İngiliz tıp dergisi The Lancet, Hindistan’da 20 yıl içinde 10 milyon dişi fetüsün yok edildiğini yazdığında, hemen Beatrice’den Sonra Birinci Yüzyıl geldi aklıma. Doğmamış kızların kitleler halinde yok edilişi, romanda da Hindistan’da başlıyordu. Maalouf, romanı 1998’de yayınlamıştı.

Hindistan 1994’te, seçici kürtajlardaki artış nedeniyle ultrasonla cinsiyet tespitini yasaklamıştı. Kürtaj ise serbestti. O günlerde kız bebek katliamının rakamsal verileri yoktu. Toronto Üniversitesi’nden Dr. Prabhat Jha ve ekibinin The Lancet’te yayınlanan araştırmasıyla o rakam da çıktı. Her yıl 500 bin bebek, sırf kız olduğu için doğmadan yok ediliyordu.

Peki nerelerde yok ediliyordu? Tarlada çalıştırmak için erkek çocuklarının tercih edildiği kırsal kesimde mi? Hayır. Onların ultrasondan yararlanma imkanı yok gibiydi. Ultrasonla bebeğin cinsiyetini öğrendikten sonra kürtaja başvuranlar orta ve üst kastlardan, eğitimli ve varlıklı ailelerdi. Yeni Delhi’nin en lüks semtinde her bin erkek çocuğuna 845 kız çocuğu düşüyordu. Ultrasonun devreye girmesinden sonra, 1978-1998 yılları arasında seçici kürtajlar nedeniyle nüfus dengesi 20 yıl içinde altüst olmuştu.
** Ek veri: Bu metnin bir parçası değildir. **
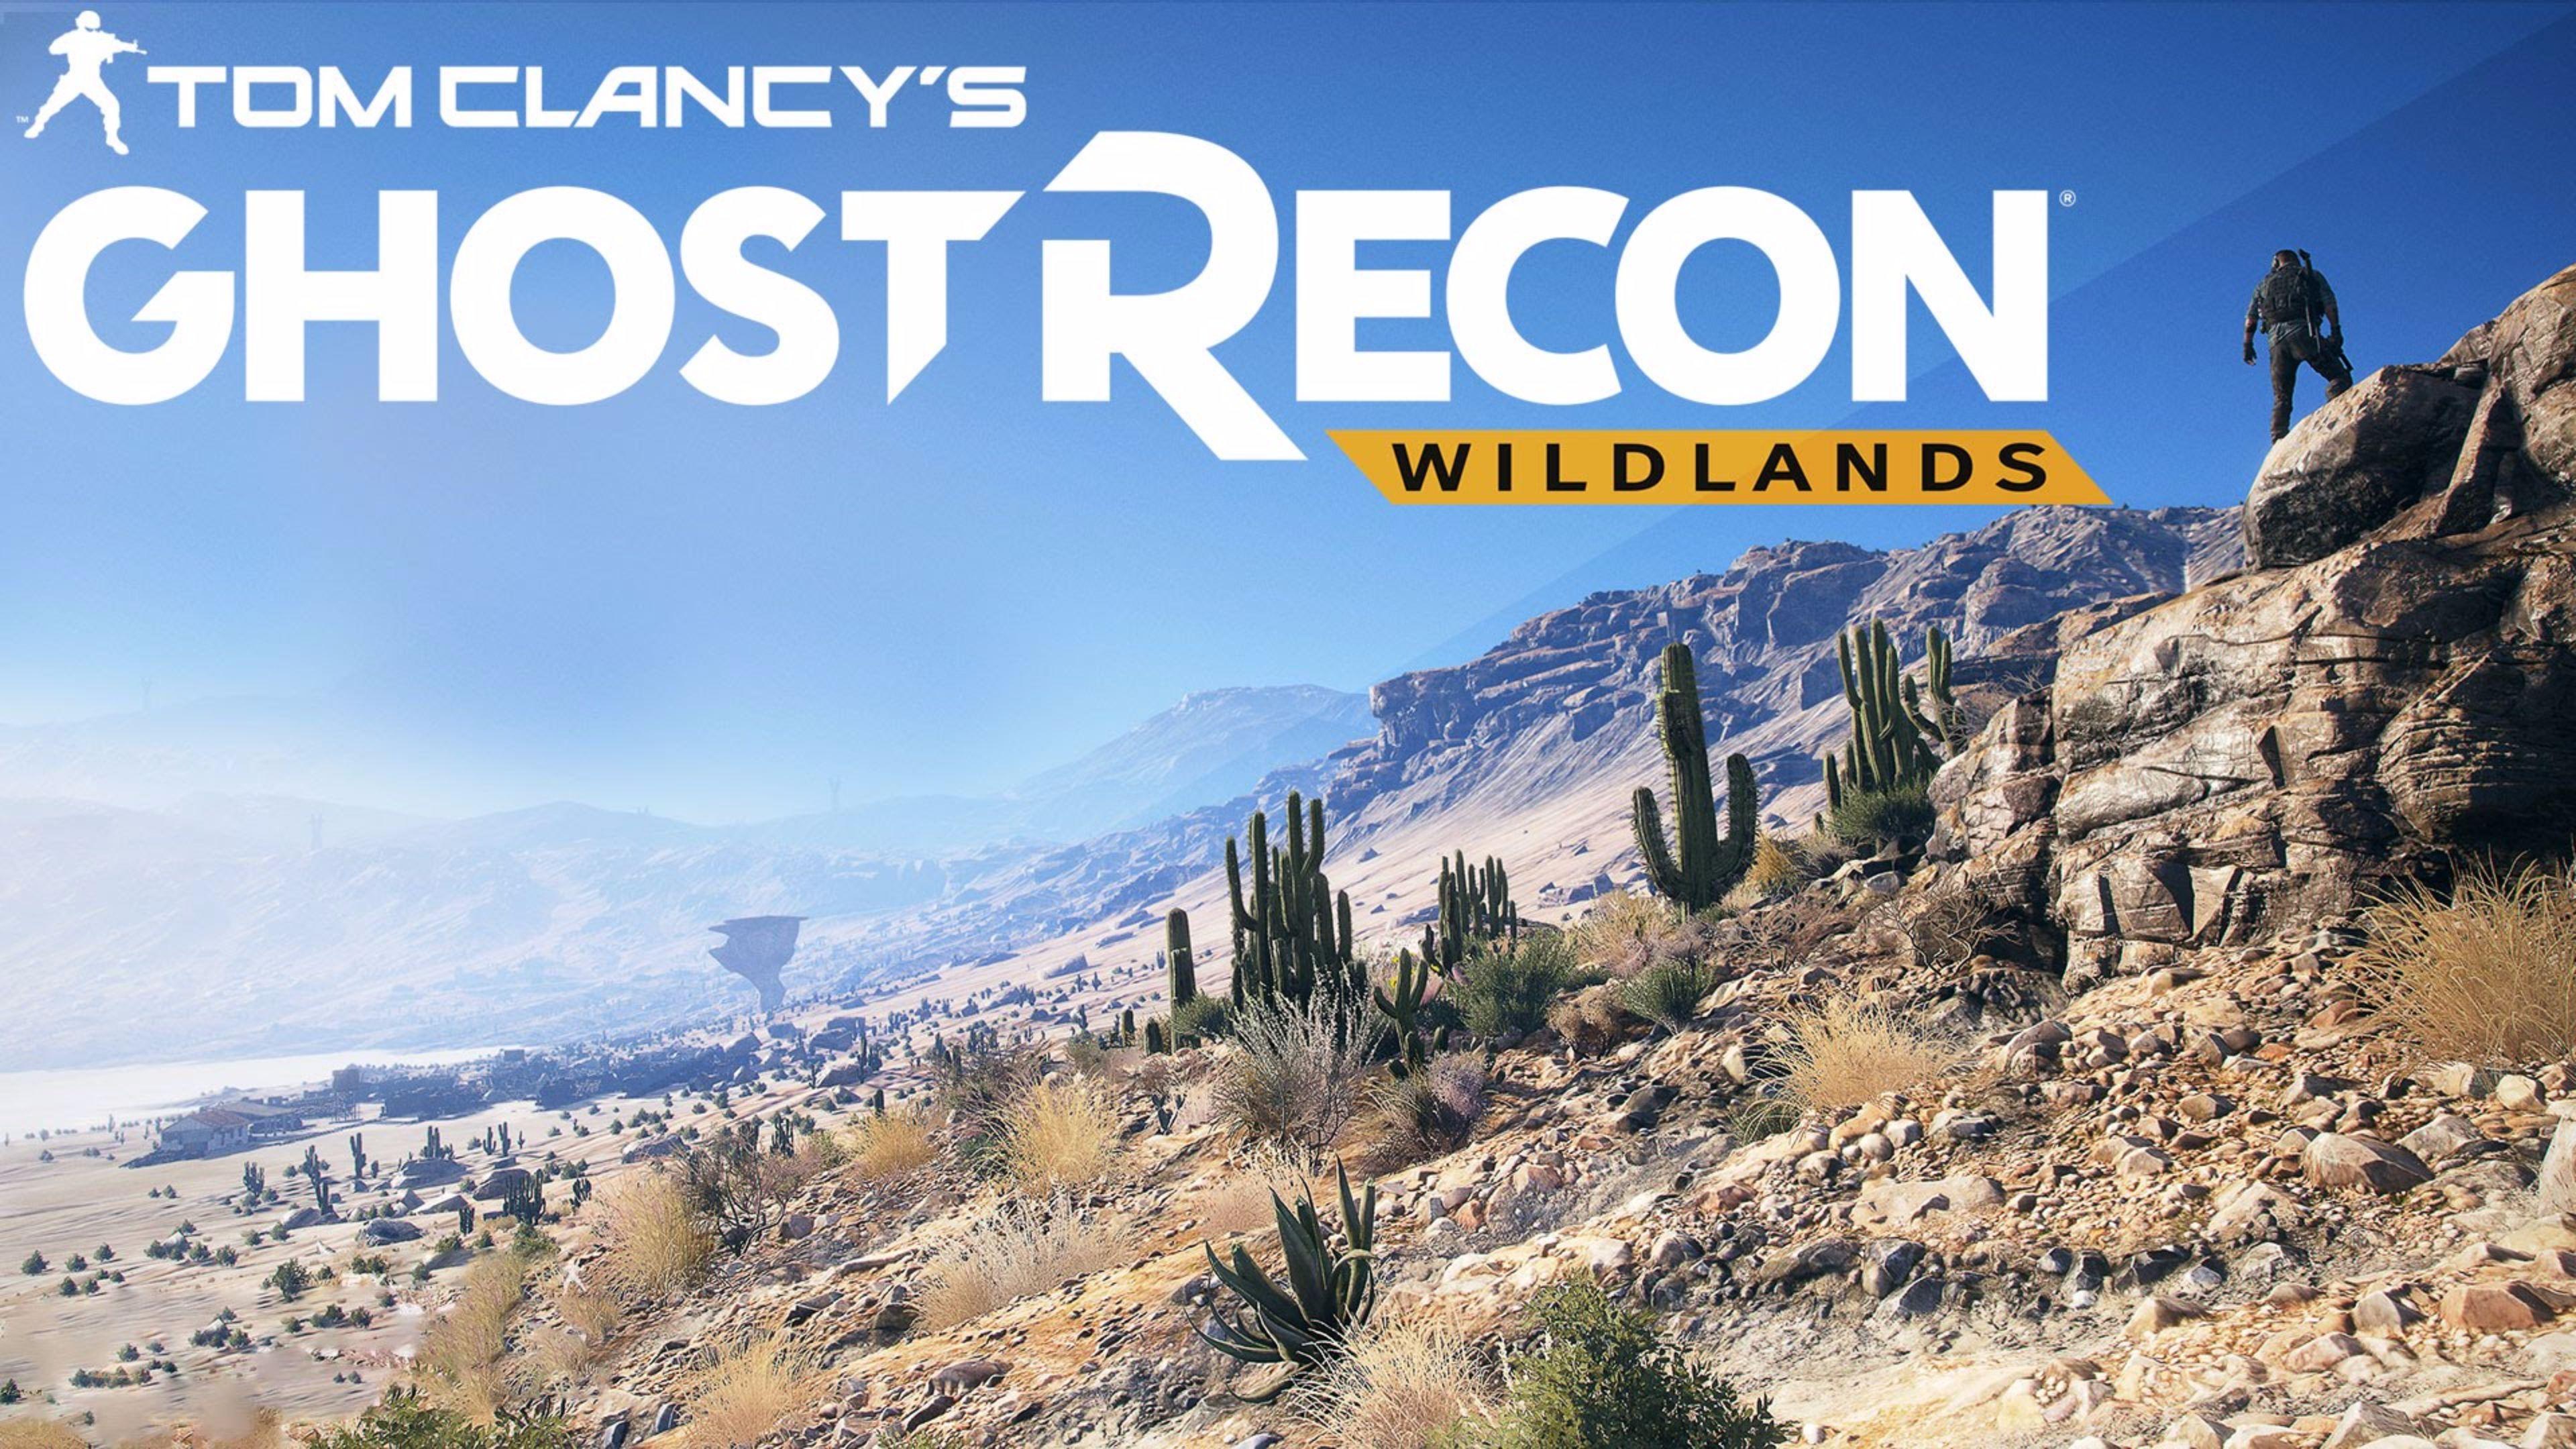 32 4k Ultra Hd Tom Clancy S Ghost Recon Wildlands Wallpapers

Varlıklı aileler kız çocuk istemiyordu, çünkü Hint geleneklerine göre kızların yüklüce miktarda drahoma sahibi olması, damat tarafındaki her akrabaya pahalı hediyeler verilmesi gerekiyordu. Hatta birçok klinik şu sloganı kullanıyordu: "İleride 100 bin rupi ödeyeceğine, şimdi bin rupi öde."
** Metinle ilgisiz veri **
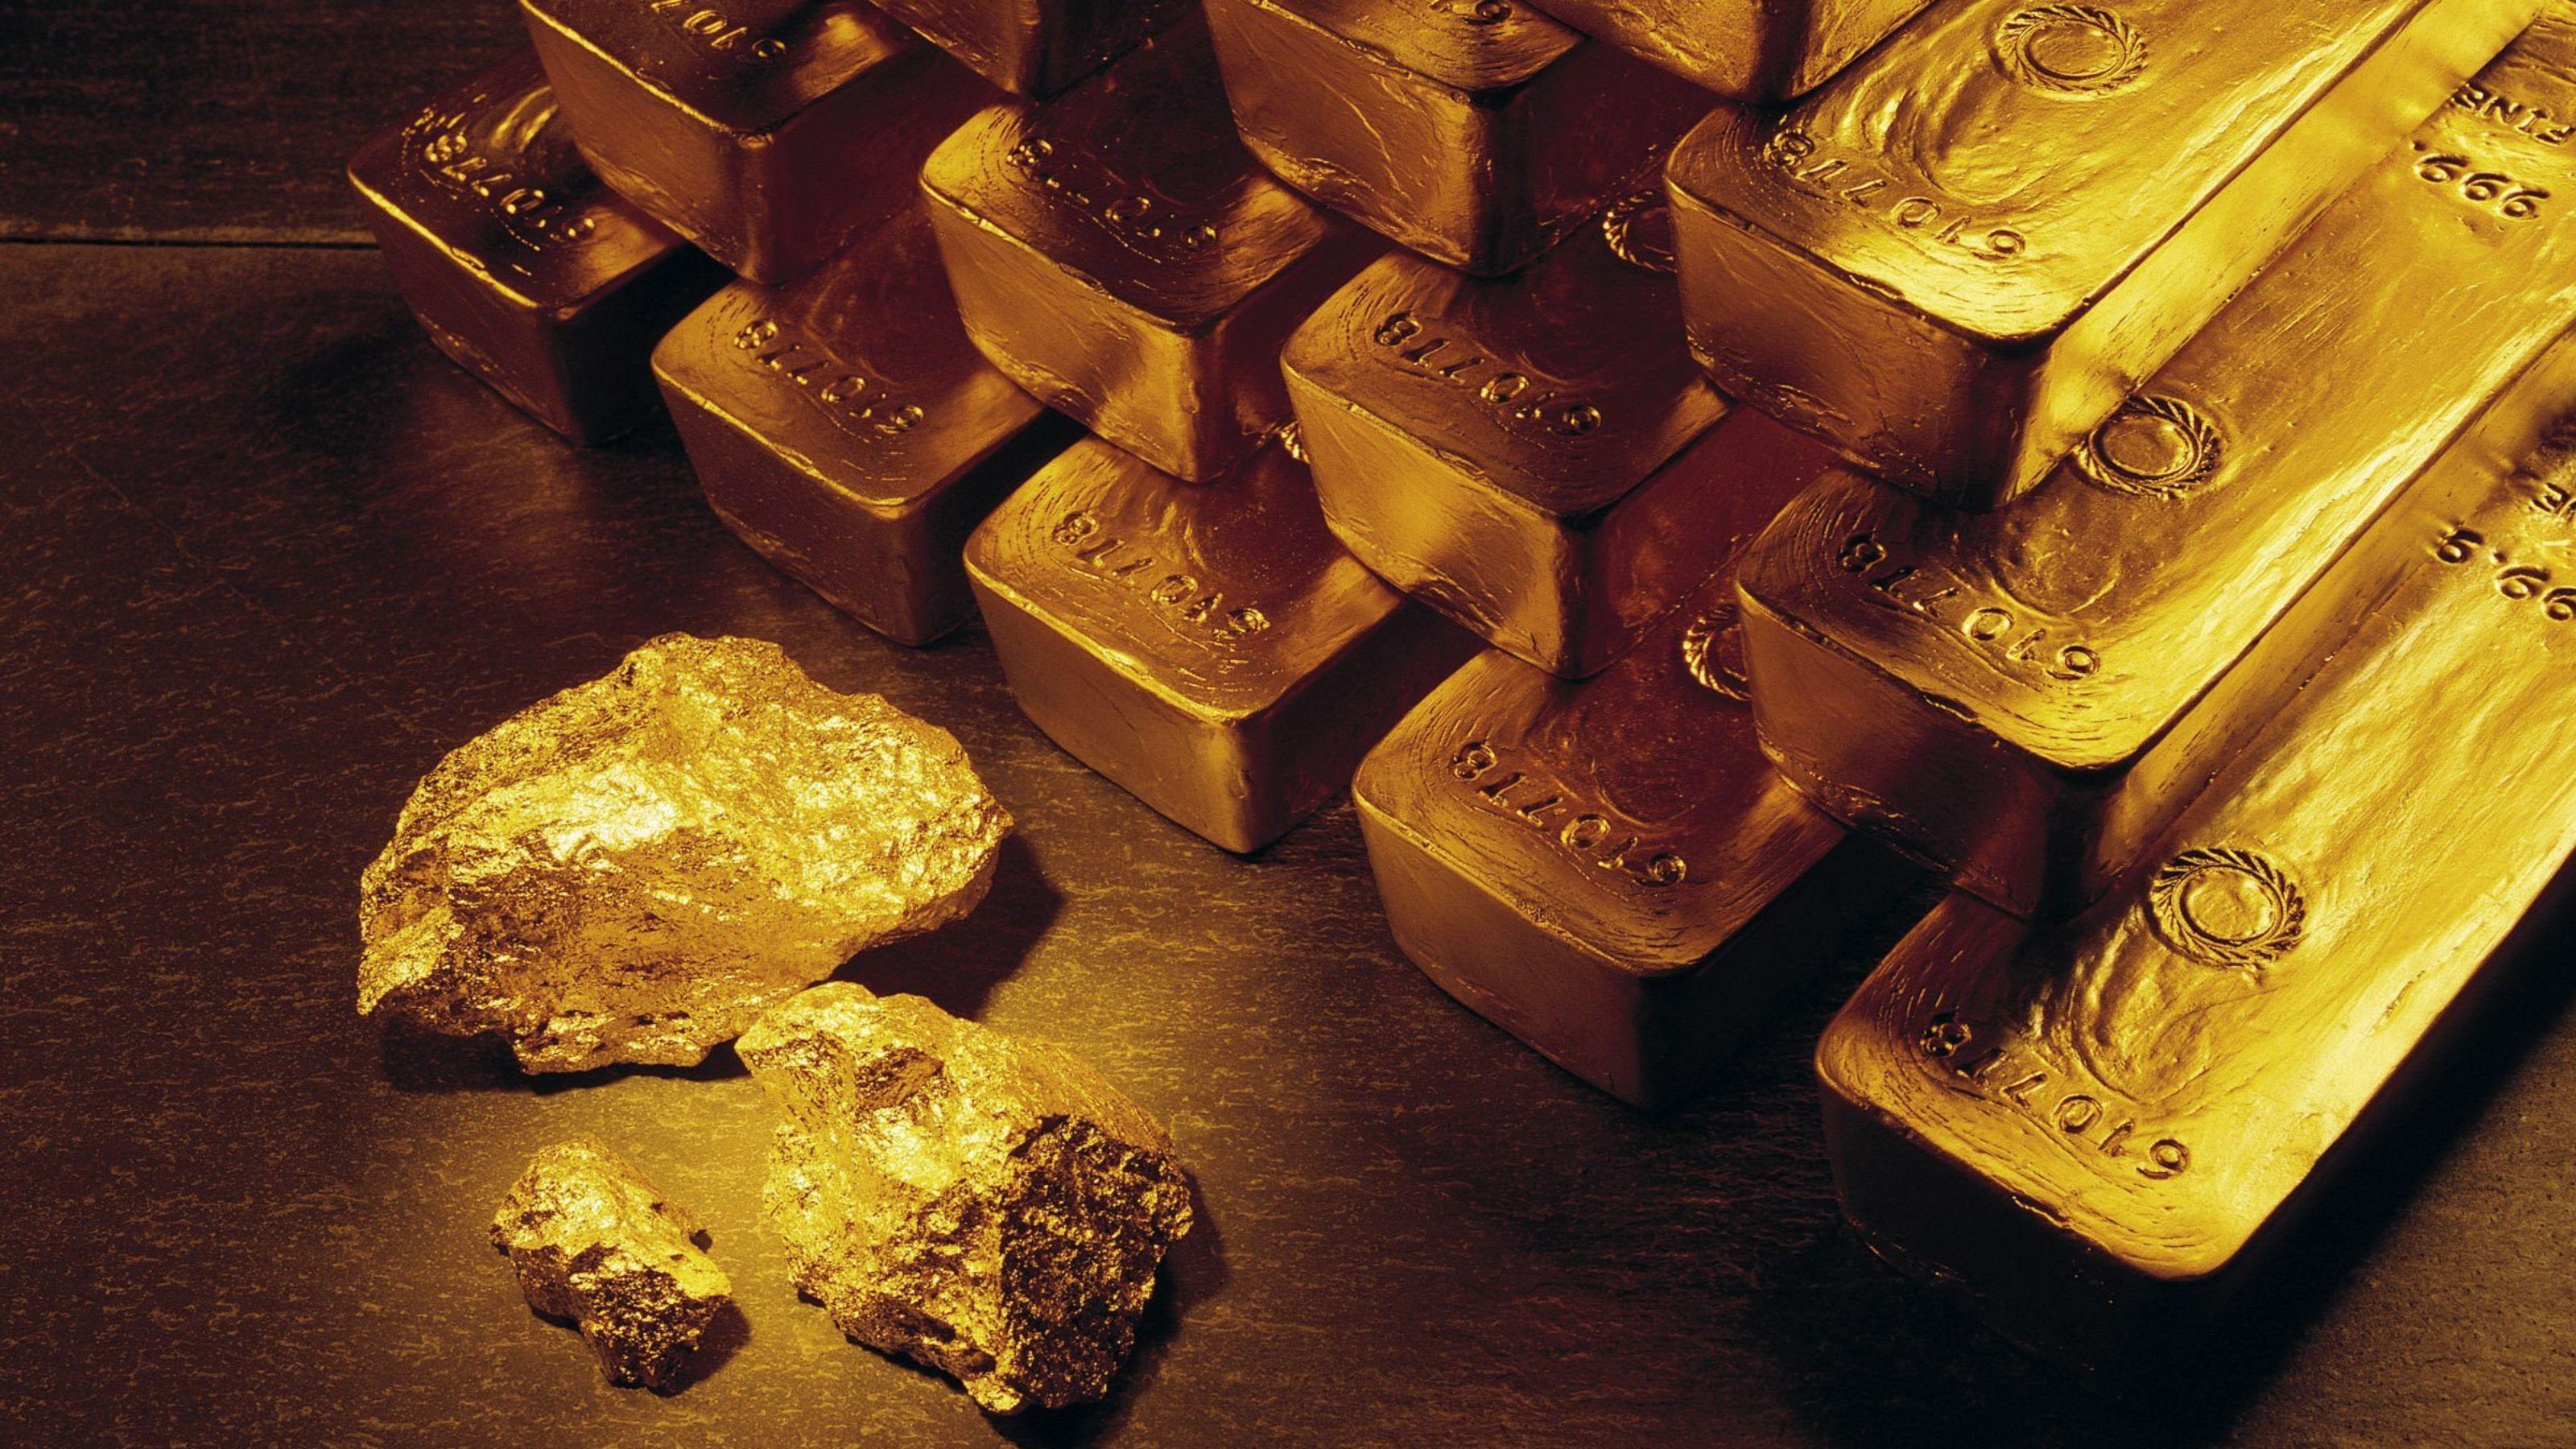 635608976381686345-AP-Gold-Record-NYBZ183

Daha mütevazı aileler de bir kız çocuk sahibi olduktan sonra ikincisini mutlaka erkek istiyordu. Çünkü kızlar çalışmayacak, evlenip mutfağı boylayacaktı.
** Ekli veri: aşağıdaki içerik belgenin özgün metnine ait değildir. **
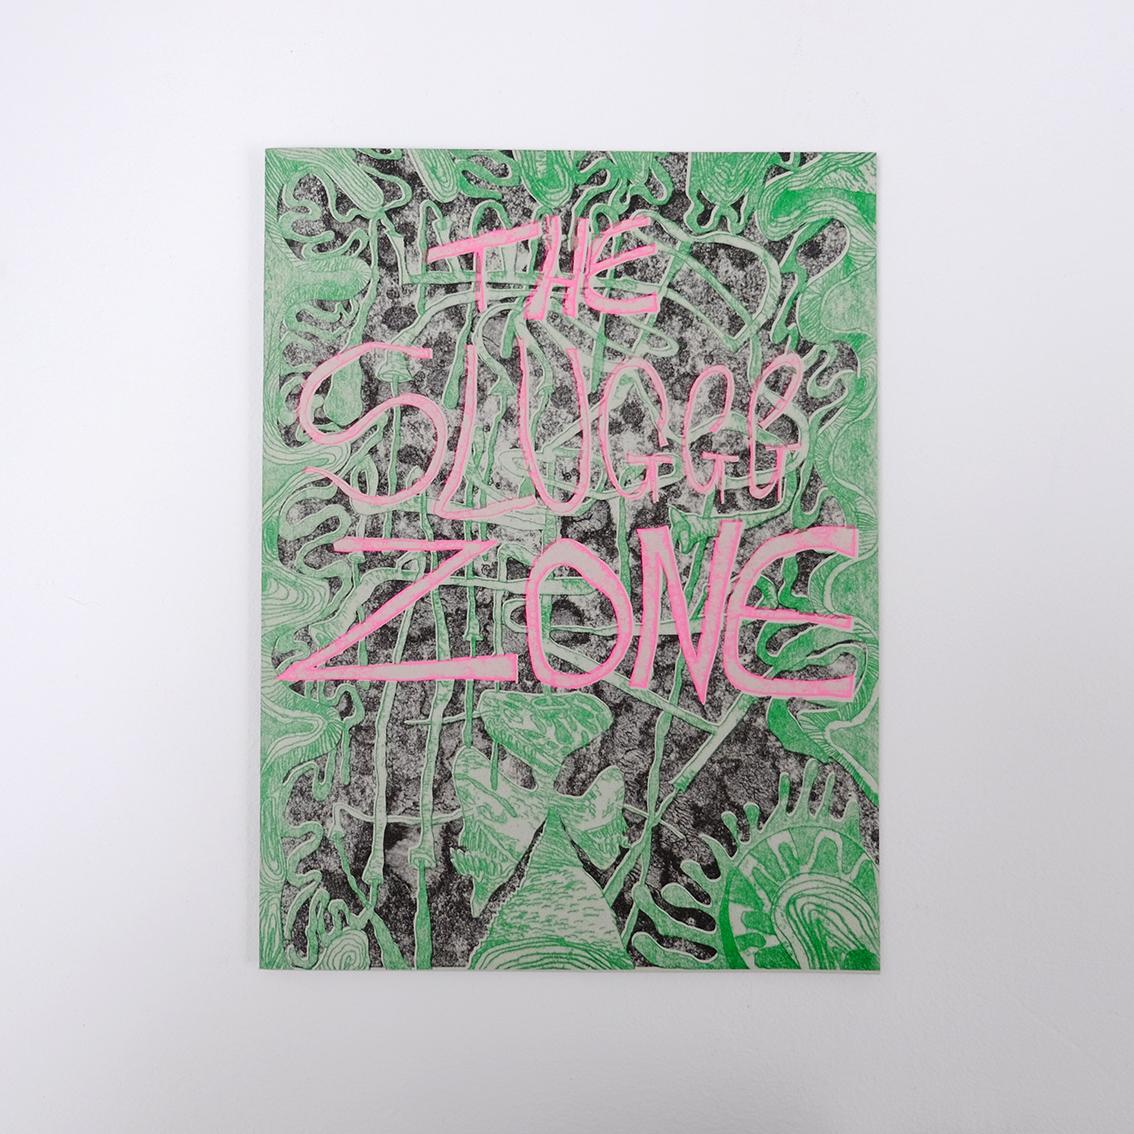 Sluggg Zone - Lord ZOM

The Lancet’teki araştırmanın yazarları şu uyarıda da bulunuyordu: Kadın-erkek nüfusundaki dengenin bozulması sonucu kız kaçırma ve tecavüzler artabilir, kadınların birden fazla erkekle evlendiği bir düzene geçilebilir. Ayrıca başta AIDS olmak üzere cinsel yolla bulaşan hastalıklarda artış olabilir.

Bu gidişi durdurmak için 2002 yılında "Kız Çocuklarını Kurtarma" kampanyası başlatıldı ve Hintli tenis yıldızı Sania Mirza gönüllü elçi oldu. Gazete ve TV’lere ilanlar verildi, ruhsatı olmayan ve gizlice cinsiyet teşhisi yapılan ultrason klinikleri kapatıldı. Ancak her kliniği denetim altında tutmak kolay değil, çünkü sayıları 27 bini buluyor.

Ve ilk kez geçen ay, Anil Sabsani adlı Hintli bir radyolog gizlice cinsiyet teşhisi yaptığı gerekçesiyle asistanıyla birlikte iki yıl hapis cezasına çarptırıldı. Bu doktor kız bebek bekleyen bir gizli ajan tarafından tuzağa düşürülmüştü. Doktor, cinsiyet tespiti için ilave para aldıktan sonra "Bebeğiniz kız ama, çaresine bakabiliriz" deyince yakayı ele vermişti.

Şimdi aynı yöntemle tuzağa düşürülen üç doktor daha yargı sırasını bekliyor.